The inside of the building is lavishly decorated with marble, stucco ornamentations, gold-leaf, and of course, paintings. Looks like no expenses were spared to find a suitable shelter for the Habsburgs' formidable art collection. 
Paintings gallery houses numerous major art works of European art history like Raphael’s "Madonna in the Meadow," Vermeer’s "The Allegory of Painting," the Infanta paintings by Velazquez and masterworks by Rubens, Rembrandt, Dürer, Titian and Tintoretto. 

Cafe inside the museum

The Egyptian and Near Eastern Collection contains fascinating treasures from mysterious cultures long past. The Kunstkammer Vienna (Chamber of art and wonders) displays precious artworks from the Middle Ages, the Renaissance and the Baroque era. 
As with any museum, no  matter how much time one spends, it is simply never enough, so after a few hours, we decided to head to the Imperial Treasury. It is located at the Hofburg palace and contains a valuable collection of secular and ecclesiastical treasures covering over a thousand years of European history. The entrance to the treasury is at the Schweizerhof (Swiss Courtyard), the oldest part of the palace. 

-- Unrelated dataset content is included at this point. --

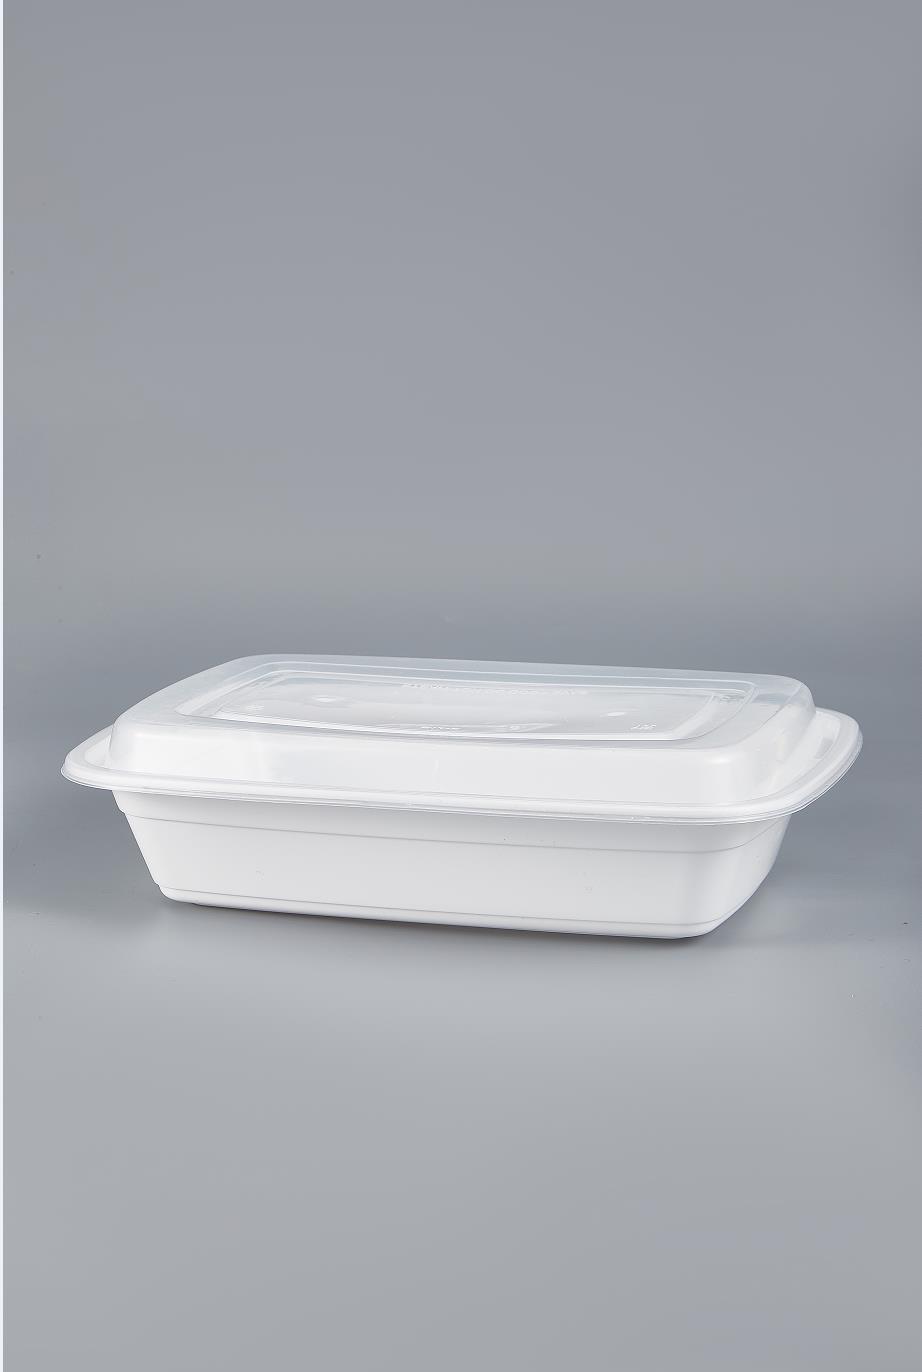 878Container&lid

The Imperial Treasury is affiliated with the KHM and hence we could buy a combined ticket for the two of them. The treasury has 21 rooms that houses a  collection of rare treasures compiled by the Imperial House of Habsburg over the course of centuries. The notable treasures include the Imperial Crown, Orb, and Sceptre of Austria. It also has the Imperial Regalia of the Emperors and Kings of the Holy Roman Empire, including the Imperial Crown of the Holy Roman Empire.

The lighting inside the treasury is very controlled and flash photography is not allowed, so again I decided to skip the photography and focused on enjoying the lavish and historical displays instead. It took us little over an hour to finish the tour - to be honest one would need more time to look at all the treasures but we were tired so we wrapped it up much quicker.